In fact the established principles of interpretation of the Bible are fivefold- literal/historical, allegorical, tropological (moral) and eschatological. The difficulty with many readings of the Bible since the Reformation is that they have been popularised.  The tendency is to say that (although this was not encouraged by Calvin and the reformers, on the contrary!) is that the Bible is to be interpreted and accommodated to current trends in art, science or the humanities. It is not interpreted historically as a substantial, classically and dynamically unchanging piece of God's work. This might be because of the fifth principle of interpretation, which was introduced at that time- accommodation. This noted that God accommodated for the lack of knowledge of the biblical characters, using language that they could personally grasp. This is  a very important principle truth, but if it is not held in tension with the other principles of interpretation it may fail to recognise that the crucial matter is that God said it, rather than the particular context in which it was said. If God says something it always has abiding significance, although we will of course need to search out the contemporary relevance and meaning.

The Bible is not subject to science, to art or to the humanities and social sciences, although knowing about these subjects can of course help us to read it with more depth and understanding. Assessing the extent of knowledge of the society concerned in a situation in the Bible, and comparing it unfavourably with a more developed one misses the point entirely. The Bible is a classic work of history. It records the most substantial and vital truths about God and human nature, which do not change.  An unfavourable comparison of the Bible with  more modern sources of knowledge also neglects the fact that wisdom can be lost over time as well as gained.

Applying the Bible

The matters discussed must go some way to explain why the Bible is of abiding significance, and is still the best selling book in the world, but it does not mean that the Bible becomes automatically relevant to education. The Bible must be applied to education or the next generation will not realise that it is God's history (and future) and therefore the foundational text of societies. It is by studying it, meditating on it, trusting it and believing it that we find hope!

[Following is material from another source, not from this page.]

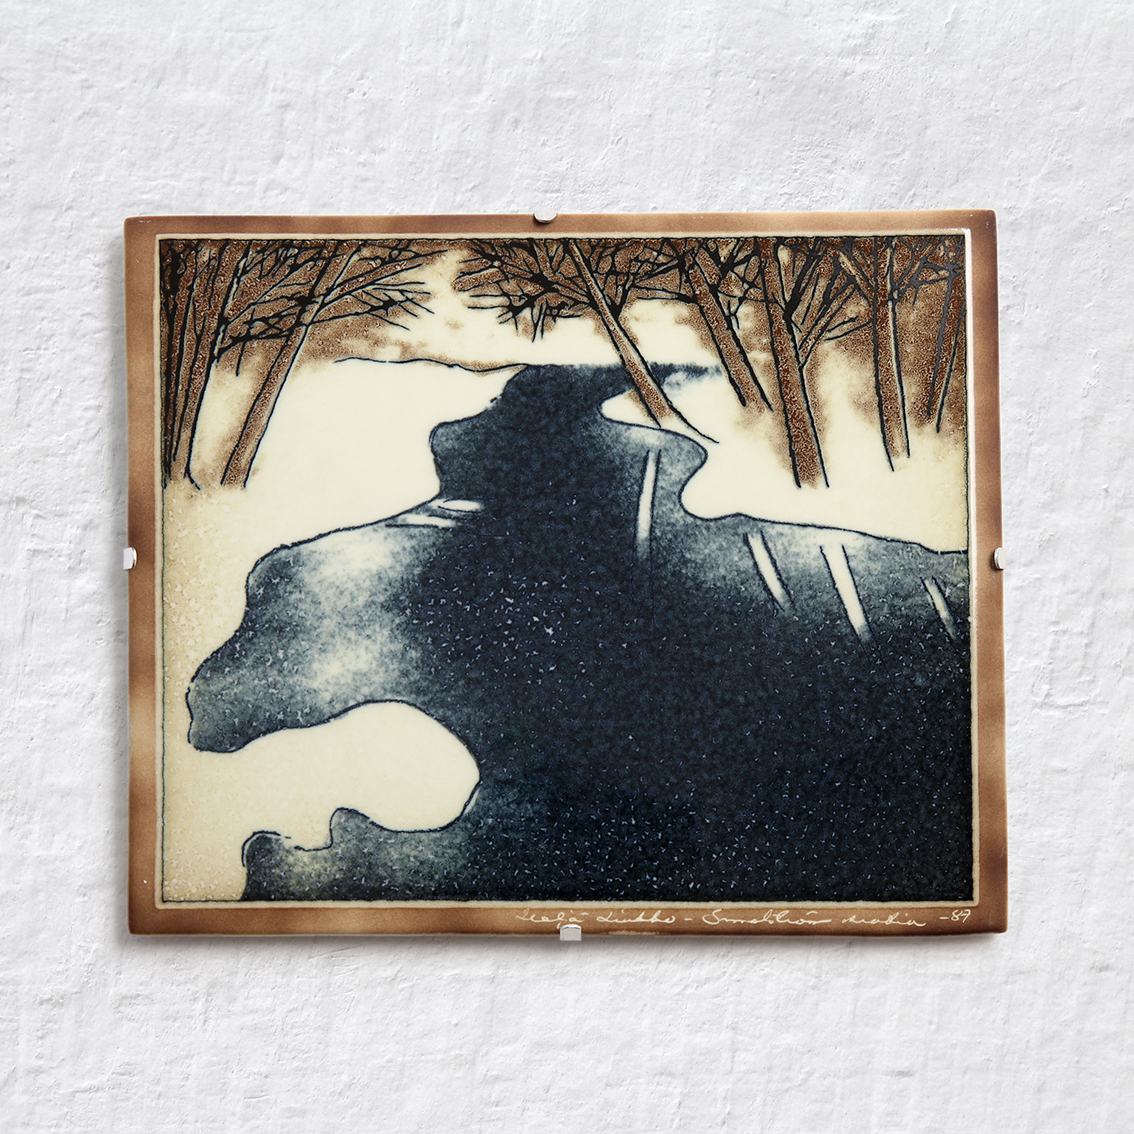 ARABIA アラビア Helja Liukko-Sundstrom ヘルヤ リウッコ スンドストロム 川の陶板(オリジナル紙箱入り) 北欧ヴィンテージ

Real application means comparing and contrasting God's word to the situation and seeing how the light of God can be thrown on it. This will inevitably mean that God's word will be read as though it has answers i.e. it will need to be believed and depended on! And this is the essential challenge. As Jesus said, 'The work of God is this: to believe in the one he has sent'. (John 6 v.29). What does John's gospel ask us to believe? That the Son of God stepped into human history, and now everything is to be read in the light of the the fact that the Word, who was and is God, became flesh.